◆ Work required:
Determine how many lines in the data below contain "Full" and write only that number.

◆ Entries provided:
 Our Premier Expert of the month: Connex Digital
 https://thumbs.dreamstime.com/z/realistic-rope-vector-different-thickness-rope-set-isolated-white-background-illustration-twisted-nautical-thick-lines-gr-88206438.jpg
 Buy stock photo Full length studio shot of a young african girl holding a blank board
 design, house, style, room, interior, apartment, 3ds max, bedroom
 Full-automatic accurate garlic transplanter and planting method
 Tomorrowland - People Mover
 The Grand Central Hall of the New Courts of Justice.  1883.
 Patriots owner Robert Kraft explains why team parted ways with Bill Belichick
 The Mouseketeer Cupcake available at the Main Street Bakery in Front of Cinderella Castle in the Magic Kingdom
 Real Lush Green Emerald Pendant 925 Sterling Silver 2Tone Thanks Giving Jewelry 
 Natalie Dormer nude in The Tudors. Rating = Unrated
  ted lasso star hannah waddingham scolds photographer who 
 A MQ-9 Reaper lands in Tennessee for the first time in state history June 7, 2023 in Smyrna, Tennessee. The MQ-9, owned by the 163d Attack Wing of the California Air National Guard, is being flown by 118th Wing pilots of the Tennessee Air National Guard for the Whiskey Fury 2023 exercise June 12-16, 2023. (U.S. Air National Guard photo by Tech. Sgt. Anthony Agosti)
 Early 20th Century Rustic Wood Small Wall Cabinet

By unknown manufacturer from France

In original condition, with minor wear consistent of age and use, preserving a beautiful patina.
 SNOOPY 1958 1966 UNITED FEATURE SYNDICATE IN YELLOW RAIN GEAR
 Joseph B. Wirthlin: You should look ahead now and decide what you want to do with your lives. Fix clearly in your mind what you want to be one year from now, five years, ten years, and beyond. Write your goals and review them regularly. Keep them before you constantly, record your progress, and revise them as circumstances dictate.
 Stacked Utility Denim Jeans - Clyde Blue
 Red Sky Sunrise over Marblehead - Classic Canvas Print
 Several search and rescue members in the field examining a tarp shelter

◆ Solution to the exercise:
2